– Ха! Эка важность! Я сам сегодня все утро ходил как пьяный. Ведь мы чудесно провели прошлую ночь, разве нет? – Он довольно хмыкнул, предавшись воспоминаниям.

Я не ответила. А просто достала две тарелки, положила два ножа, остатки утреннего хлеба. Посмотрела на баночку гусиного паштета. Больше мне нечего было ему дать.

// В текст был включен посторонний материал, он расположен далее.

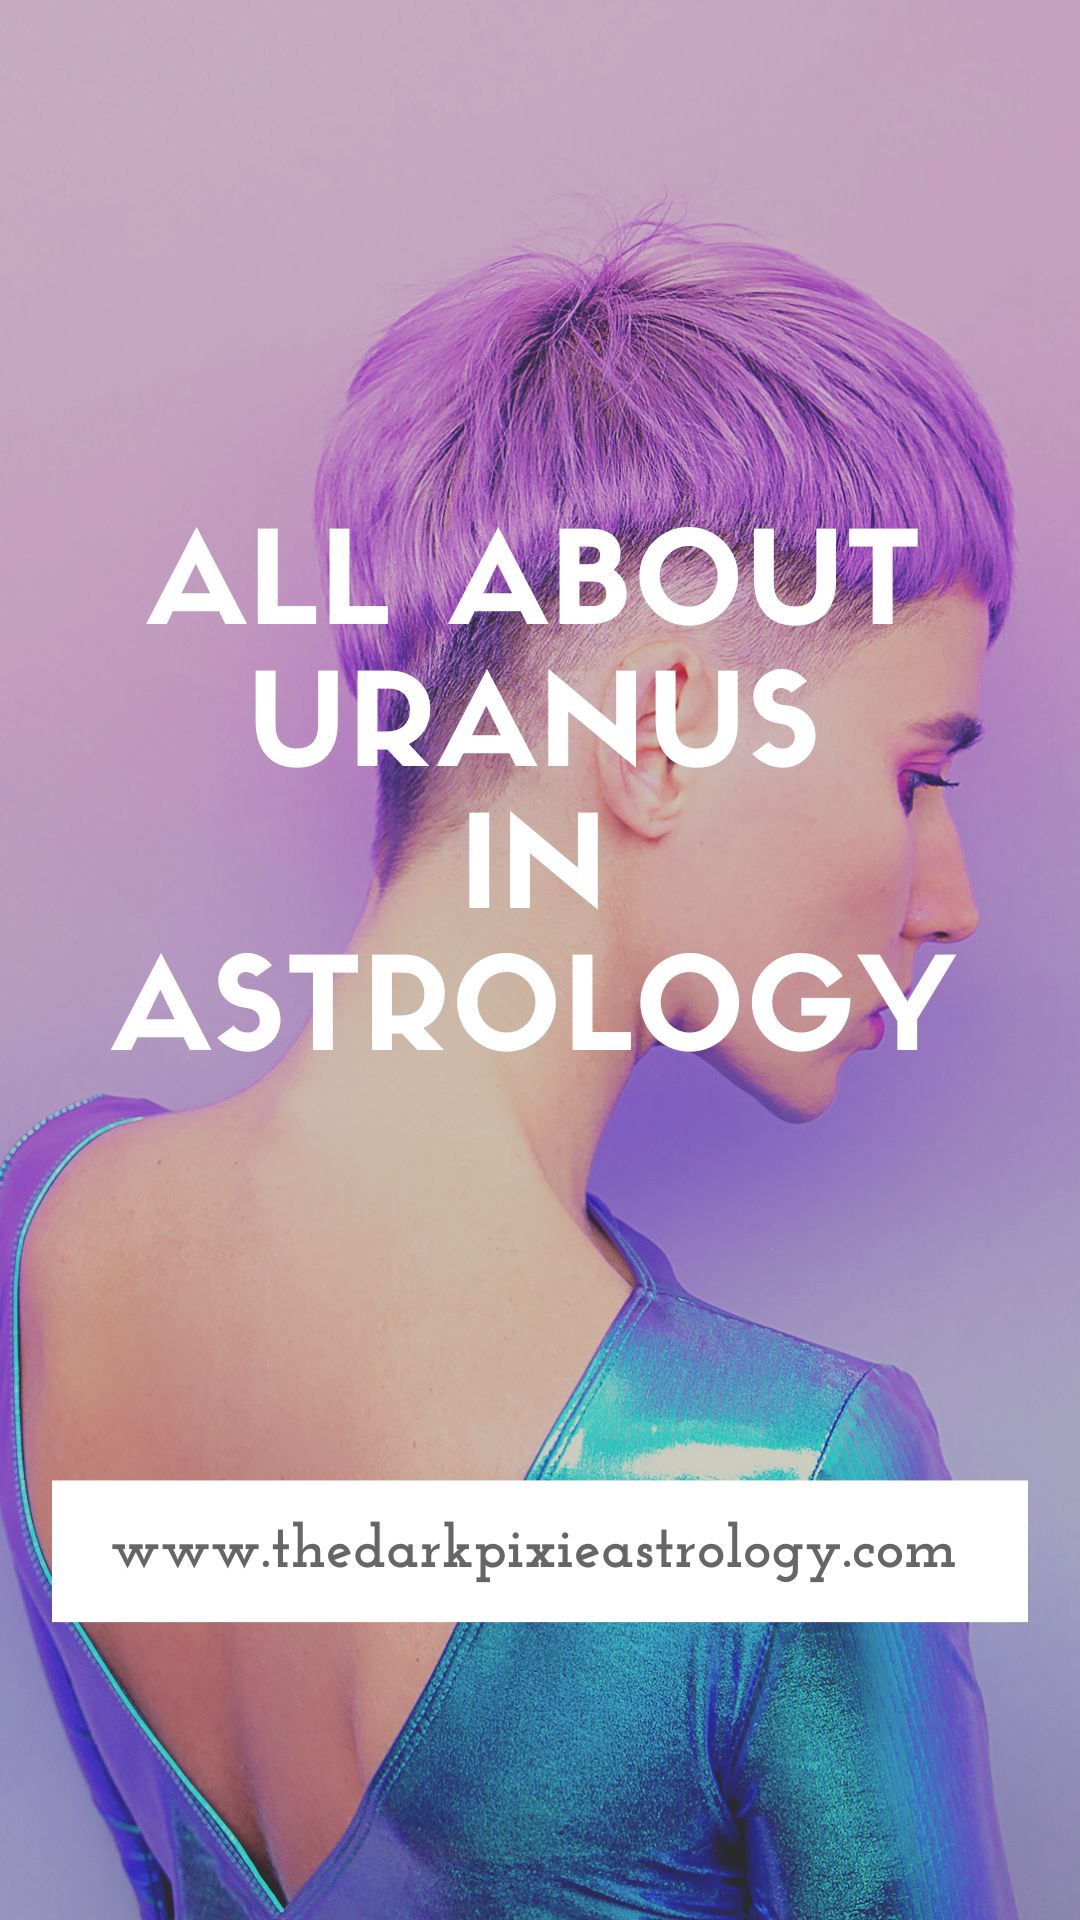 All About Uranus in Astrology - The Dark Pixie Astrology
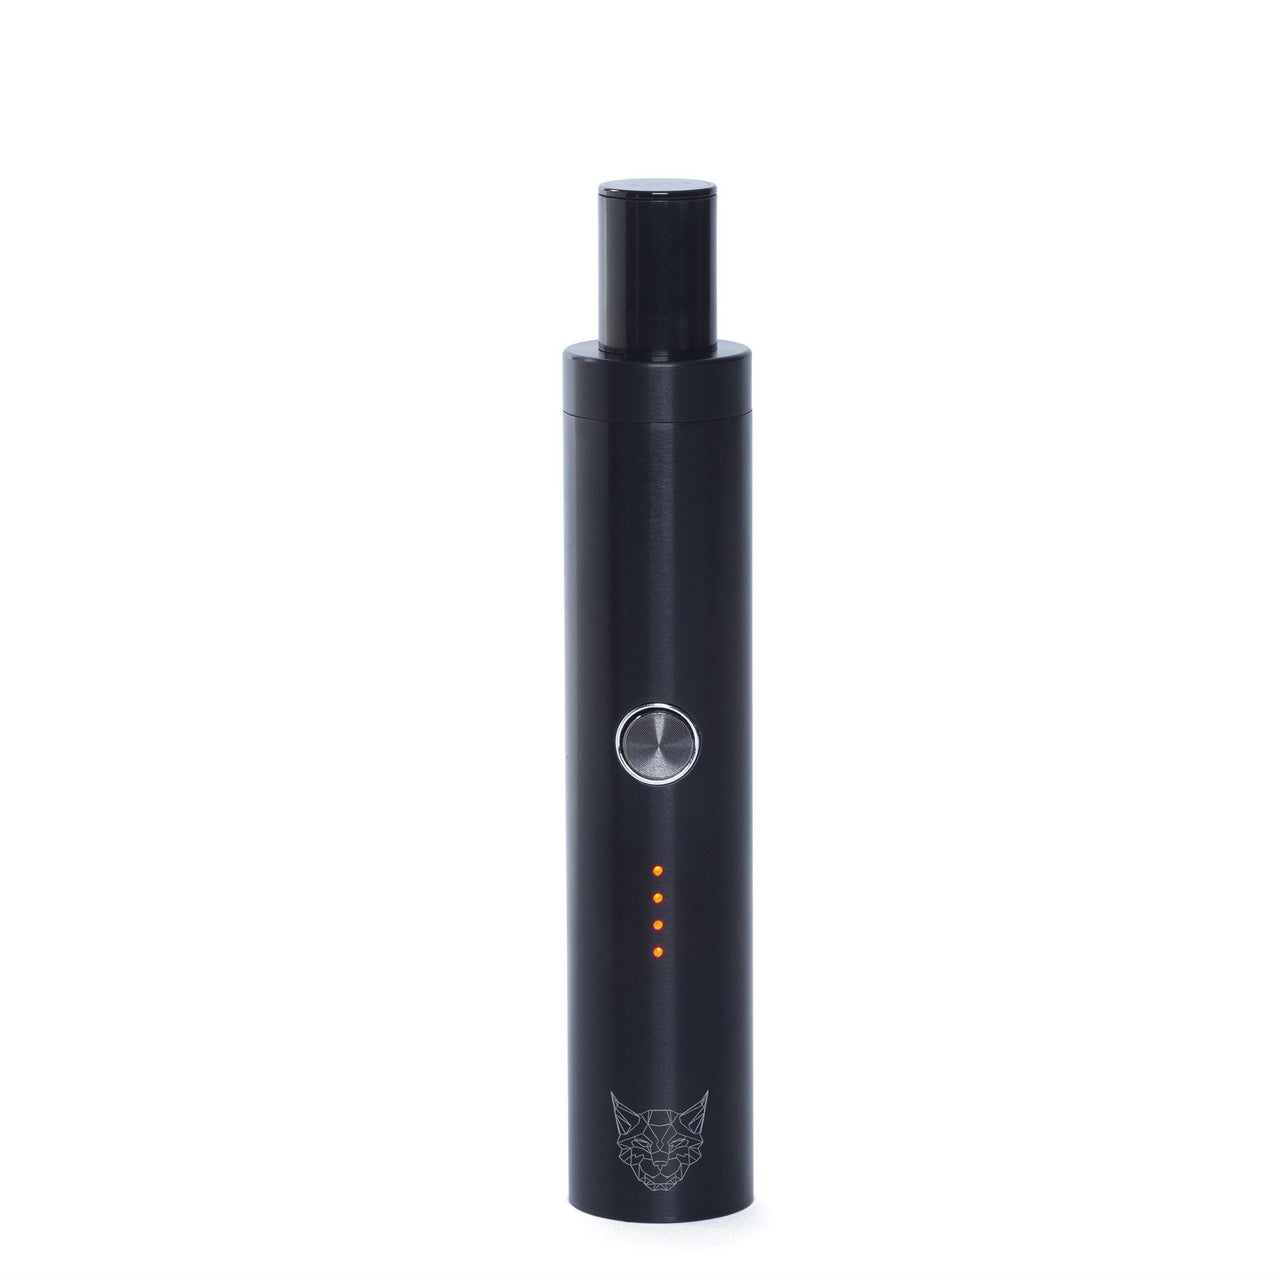 LINX Eden Dry Herb Vaporizer - 420 Science - The most trusted online smoke shop.

– Встреча с Ганьером прошла на редкость удачно. Он говорит, в галерее «Берту» в Шестнадцатом округе хотят выставить мои ранние пейзажи. То, что я написал в Казуль-ле‑Безье. Говорит, у него уже есть покупатели на две большие работы. – (Я услышала звук вытаскиваемой из бутылки пробки, звон стаканов.) – Кстати, я сообщил ему о нашей новой системе сбора денег. Мой рассказ о твоих вчерашних подвигах произвел на него неизгладимое впечатление. Вот теперь, когда рядом со мной с одной стороны он, а с другой – ты, cherie, мы точно заживем на славу!

– Рада слышать, – отозвалась я, придвинув к нему корзиночку с хлебом.

Не понимаю, что со мной случилось. Я не могла на него смотреть. Я села напротив, предложив ему фуа-гра и немного масла. Разрезала апельсин на четвертинки и положила два кусочка ему на тарелку.

– Фуа-гра! – Он открыл крышку. – Любовь моя, ты меня балуешь. – Он отломил кусочек хлеба и намазал нежно-розовым паштетом. Я смотрела, как он ест, не сводя с меня глаз, и мне отчаянно захотелось, чтобы он сказал, что никогда не любил фуа-гра, что просто ненавидит его. Однако Эдуард послал мне воздушный поцелуй, причмокнул губами от удовольствия. – Вот это жизнь! Да?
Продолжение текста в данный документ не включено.